正如 Alex 在此处提到的,您需要查看循环中的索引。以下是我如何解决这个问题。
Input:
a b c ----- (0,0) (0,1) (0,2)
d e f ----- (1,0) (1,1) (1,2)
g h i ----- (2,0) (2,1) (2,2)
Output:
a ----- (0,0)
b d ----- (0,1) (1,0)
c e g ----- (0,2) (1,1) (2,0)
f h ----- (1,2) (2,1)
i ----- (2,2)
public class PrintDiagonal{
public static void printDR(String[][] matrix, int rows, int cols){
for(int c=0; c < cols; c++){
for(int i=0, j=c; i< rows && j>=0;i++,j--){
System.out.print(matrix[i][j] +" ");
}
System.out.println();
}
for(int r =1; r < rows; r++){
for(int i =r, j= cols -1; i<rows && j>=0; i++,j--){
System.out.print(matrix[i][j] + " ");
}
System.out.println();
}
}
public static void main(String[] args){
String[][] matrix ={
{"a","b","c"},
{"d","e","f"},
{"g","h","i"}
};
int rows = matrix.length;
int columns = matrix[0].length;
printDR(matrix ,rows, columns);
}
}
回答by Twin
This is the same as what leoflower posted here. I've just changed the variable names for better understanding.
这与 leoflower 在这里发布的内容相同。为了更好地理解,我刚刚更改了变量名称。
level = denotes the current level of the diagonal that is being printed. Ex:- level = 2 denotes diagonal elements with indices (0,2),(1,1),(2,0)

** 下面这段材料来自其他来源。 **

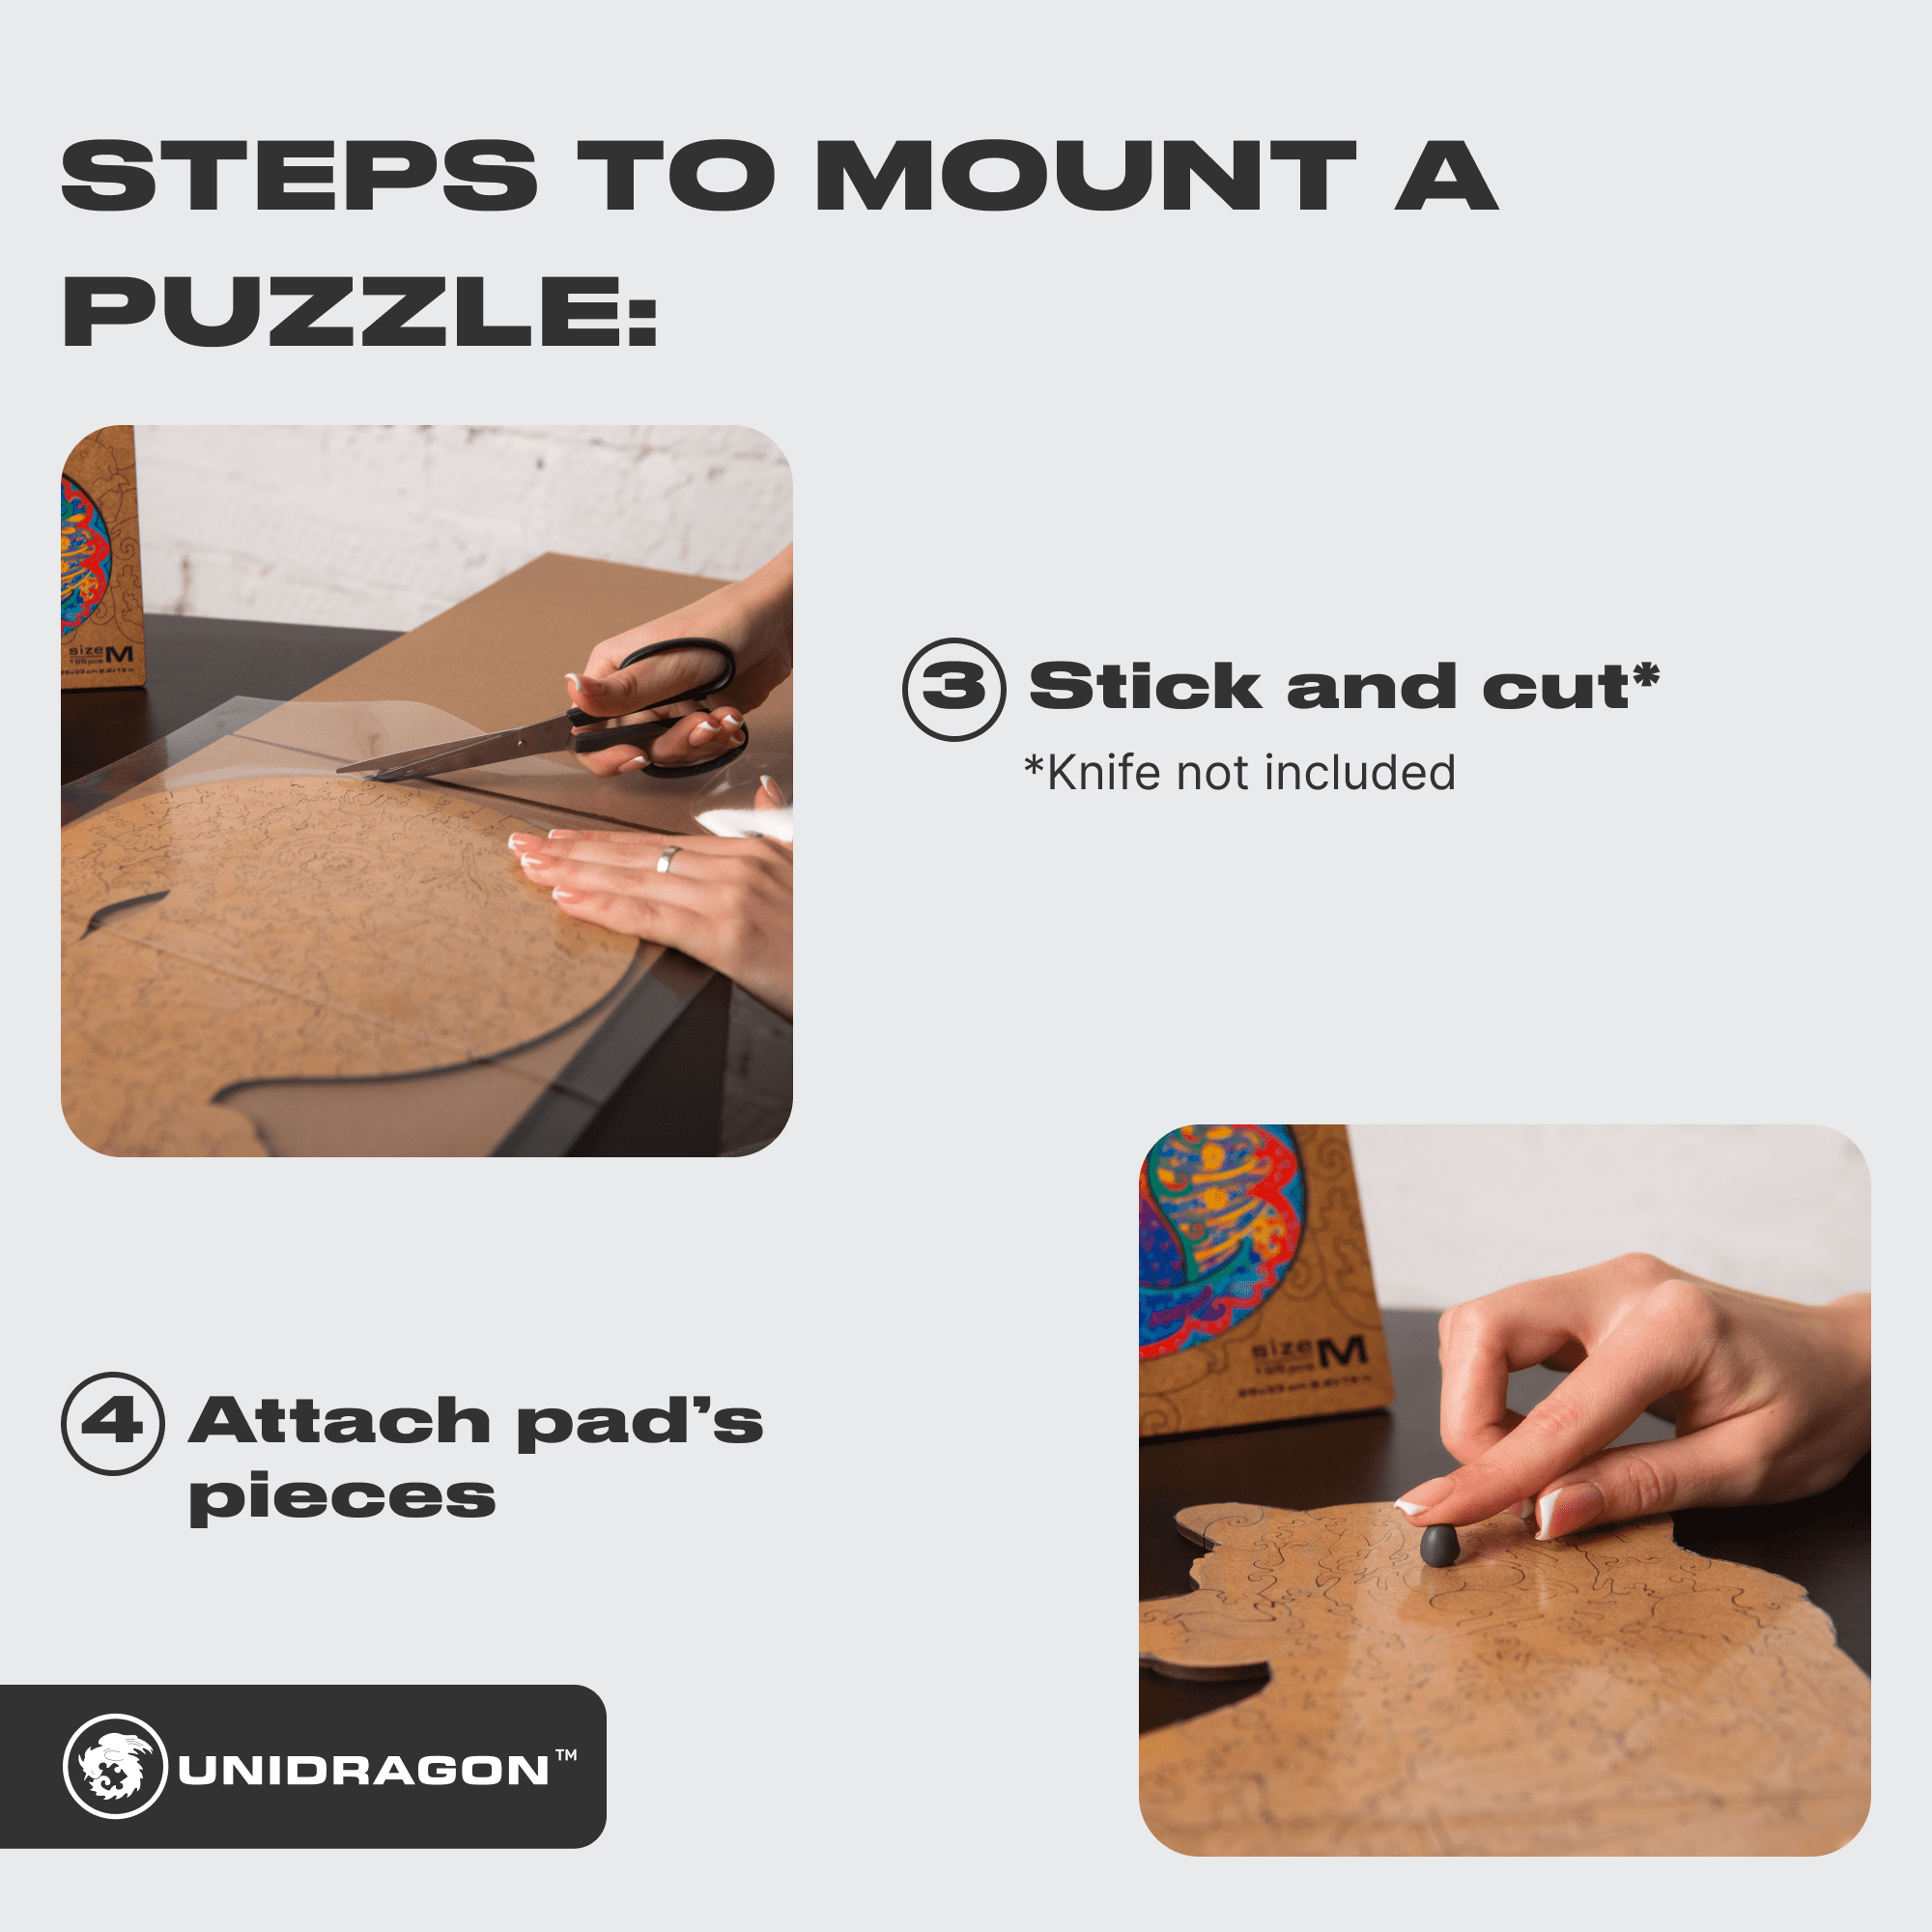 Unidragon Puzzle Set for mounting puzzles

level = 表示正在打印的对角线的当前级别。例如:- level = 2 表示索引为 (0,2),(1,1),(2,0) 的对角元素
currDiagRowIndex = denotes row index of the current diagonal being printed
currDiagRowIndex = 表示正在打印的当前对角线的行索引
currDiagColIndex = denotes columnn index of the current diagonal being printed
currDiagColIndex = 表示正在打印的当前对角线的列索引
void printMatrixDiagonal(int matrix[][], int endRowIndex, int endColIndex){
for(int level = 0; level < endColIndex; level++){
for(int currDiagRowIndex = 0, currDiagColIndex = level; currDiagRowIndex < endRowIndex && currDiagColIndex >= 0 ; currDiagRowIndex++, currDiagColIndex--){
System.out.print(matrix[currDiagRowIndex][currDiagColIndex] + " ");
}
System.out.println();
}
for(int level = 1; level < endRowIndex; level++){
for(int currDiagRowIndex = level, currDiagColIndex = endColIndex-1; currDiagRowIndex < endRowIndex && currDiagColIndex >= 0; currDiagRowIndex++, currDiagColIndex--){
System.out.print(matrix[currDiagRowIndex][currDiagColIndex]+ " ");
}
System.out.println();
}
}
Input:
输入:
1 2 3 4 5
6 7 8 9 10
11 12 13 14 15
16 17 18 19 20
21 22 23 24 25
Output:
输出:
1
2 6
3 7 11
4 8 12 16
5 9 13 17 21
10 14 18 22
15 19 23
20 24
25
回答by Big O
Solutions would be much easier if we break it down into 2 sub-problems:
如果我们将其分解为 2 个子问题,解决方案会容易得多:
- Figure out the start of each diagonal.
Given the starting indices of a diagonal, print the diagonal.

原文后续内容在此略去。